__TRY IT__: All lines from the one containing "HGWM 1/144 X-EX01" through the end of the material are to be given back exactly, without pictures.

__GIVEN INFORMATION__:
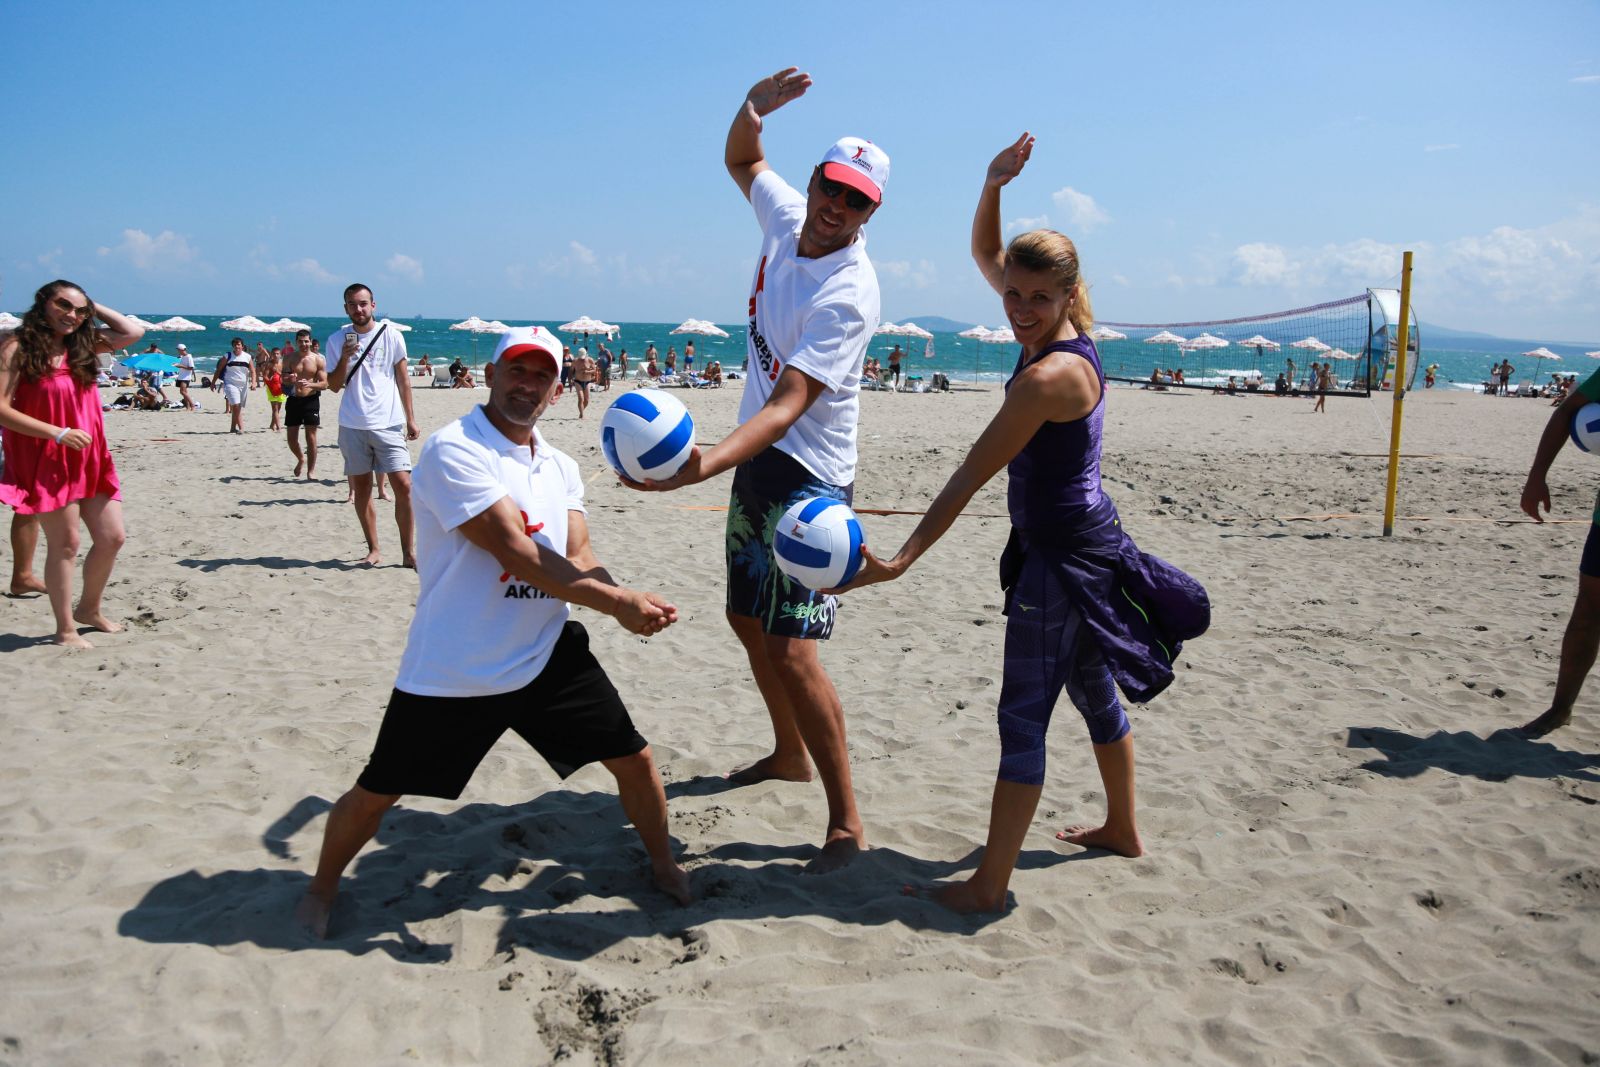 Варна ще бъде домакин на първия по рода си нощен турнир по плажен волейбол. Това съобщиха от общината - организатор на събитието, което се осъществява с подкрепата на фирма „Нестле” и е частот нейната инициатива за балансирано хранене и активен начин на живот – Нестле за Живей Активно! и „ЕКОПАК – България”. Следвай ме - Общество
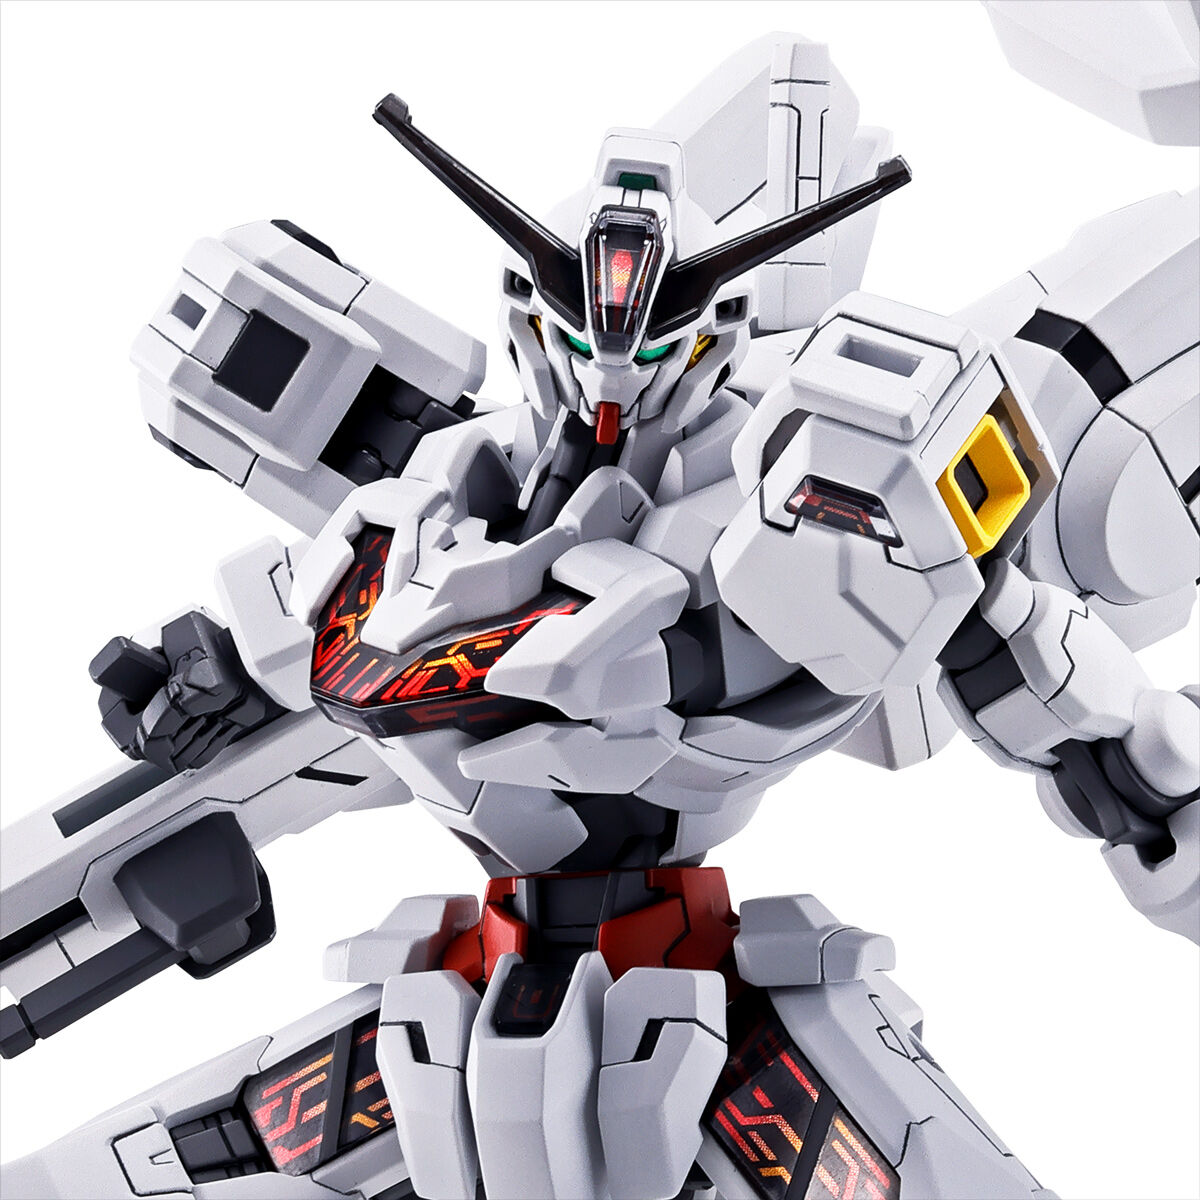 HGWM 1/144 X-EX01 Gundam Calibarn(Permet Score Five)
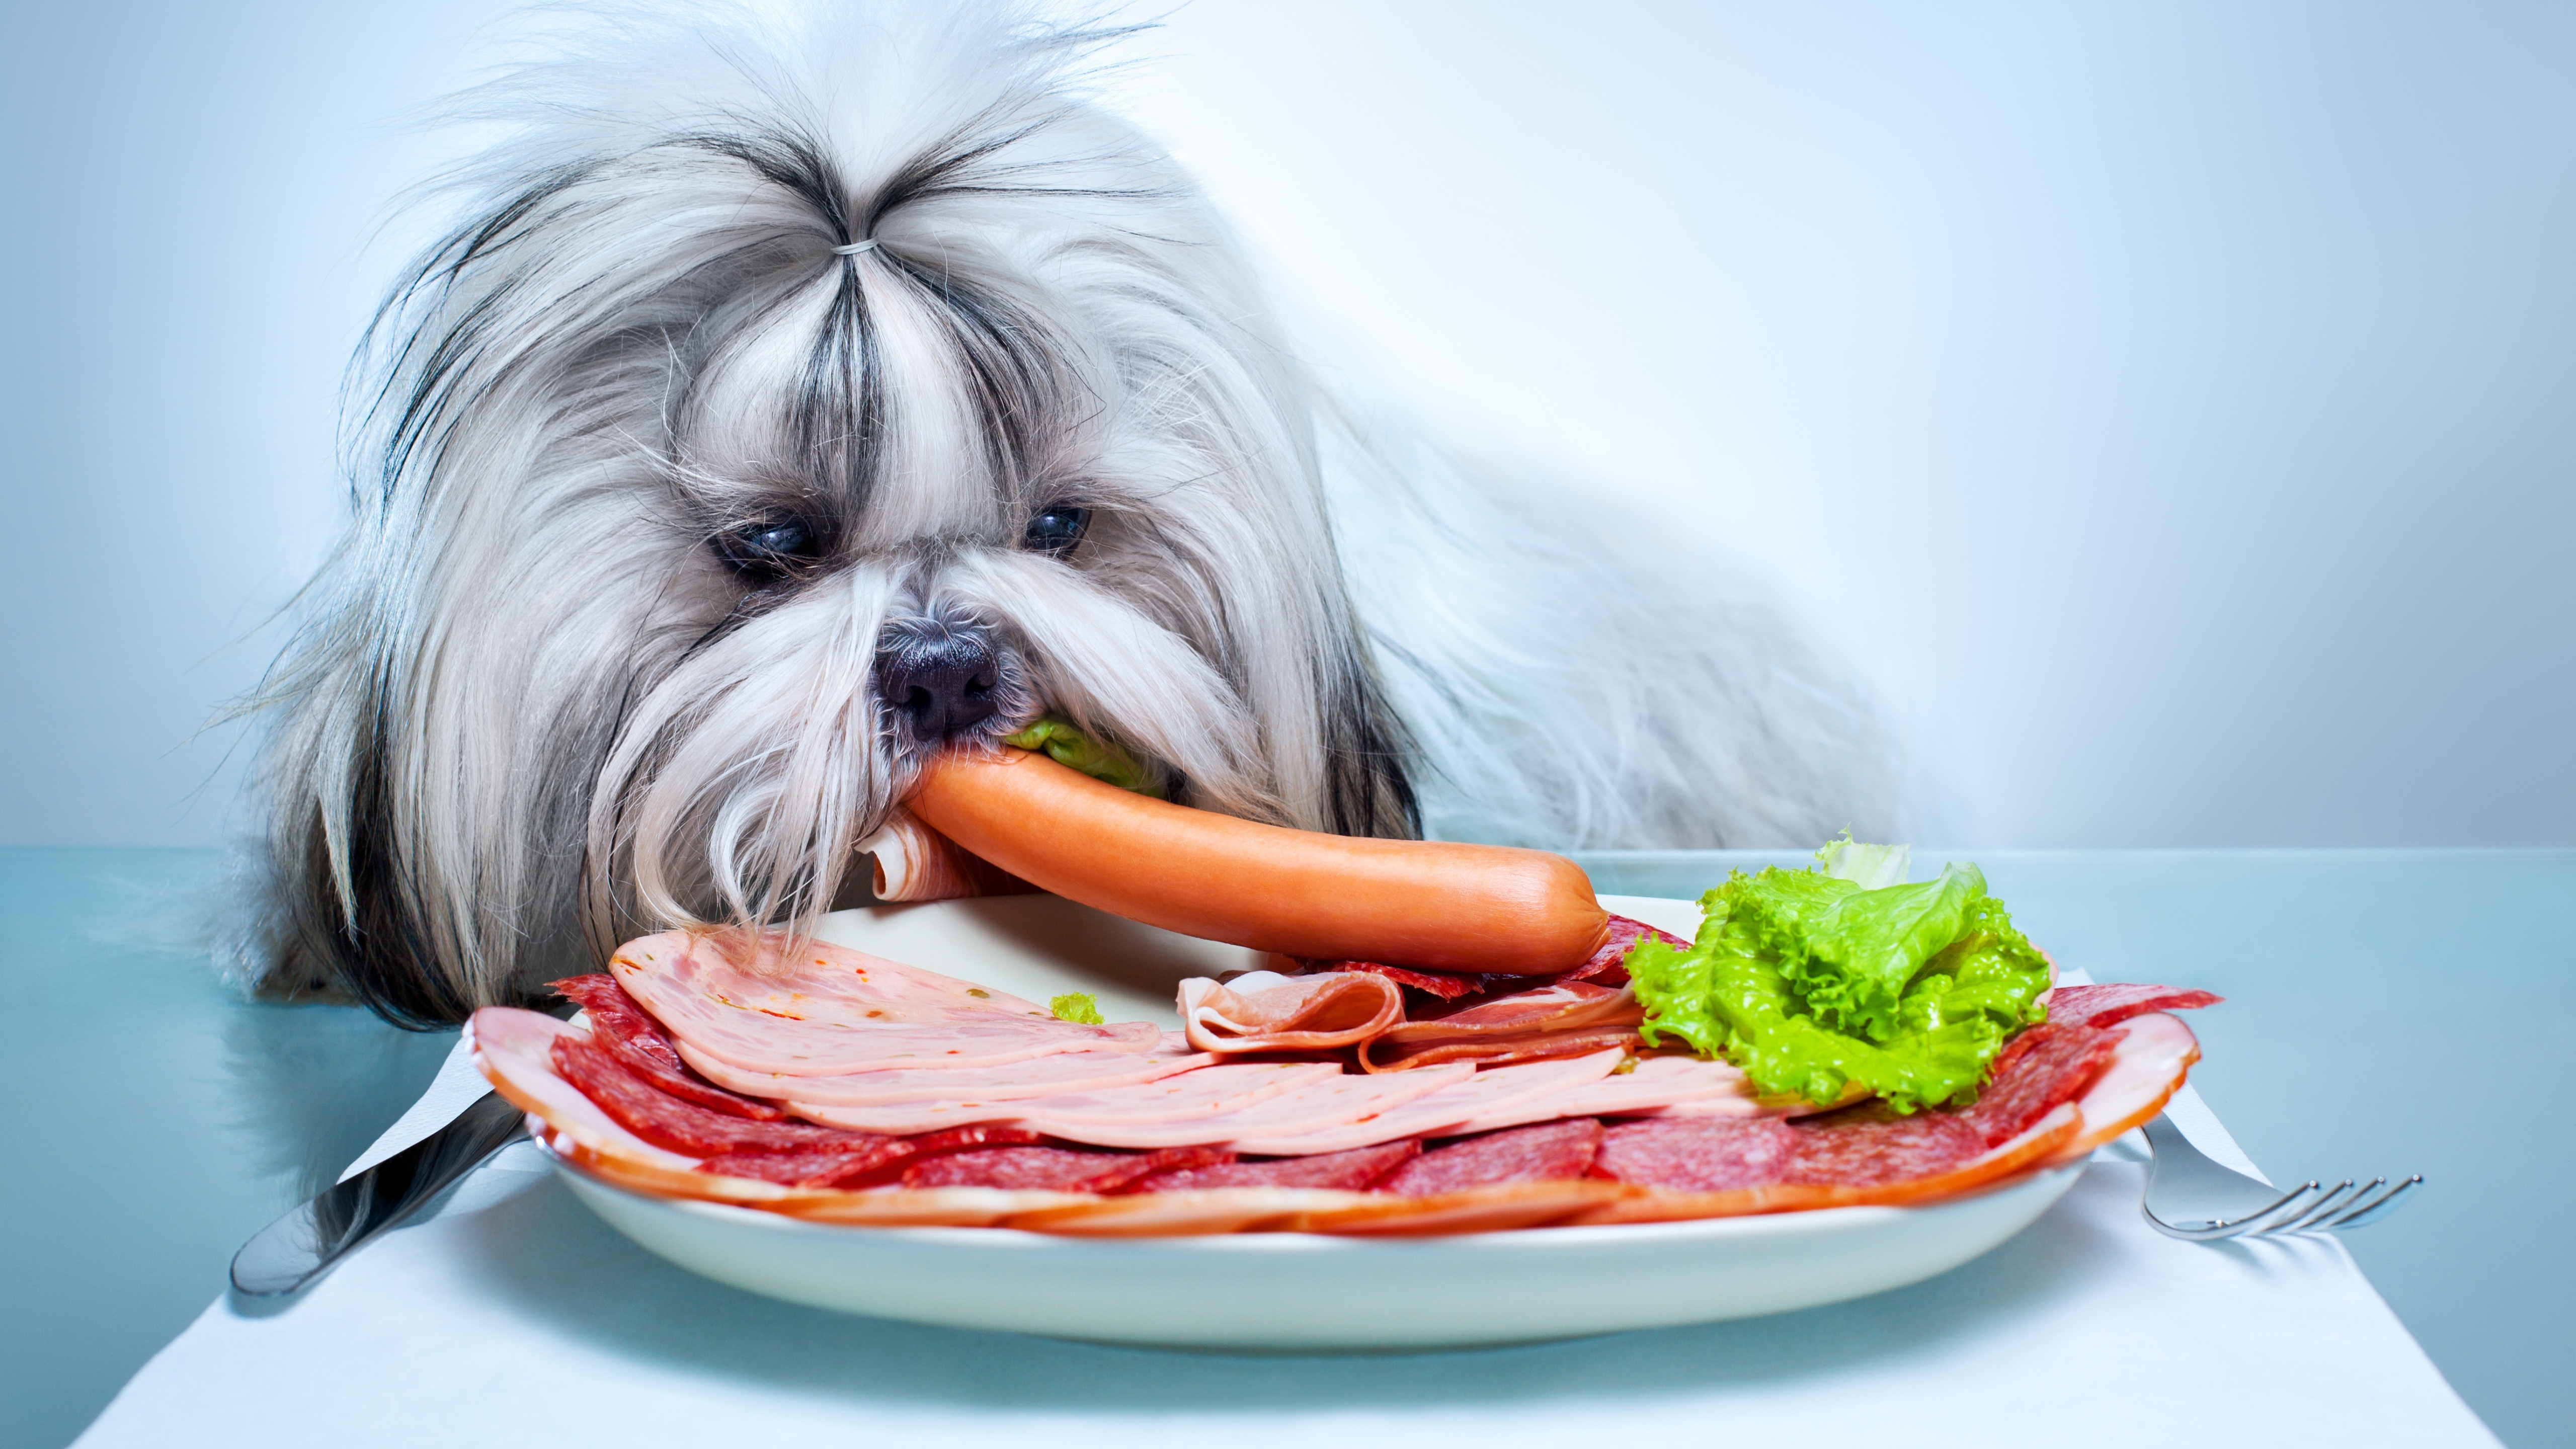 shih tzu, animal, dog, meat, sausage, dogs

__YOUR SOLUTION__:
 HGWM 1/144 X-EX01 Gundam Calibarn(Permet Score Five)
 shih tzu, animal, dog, meat, sausage, dogs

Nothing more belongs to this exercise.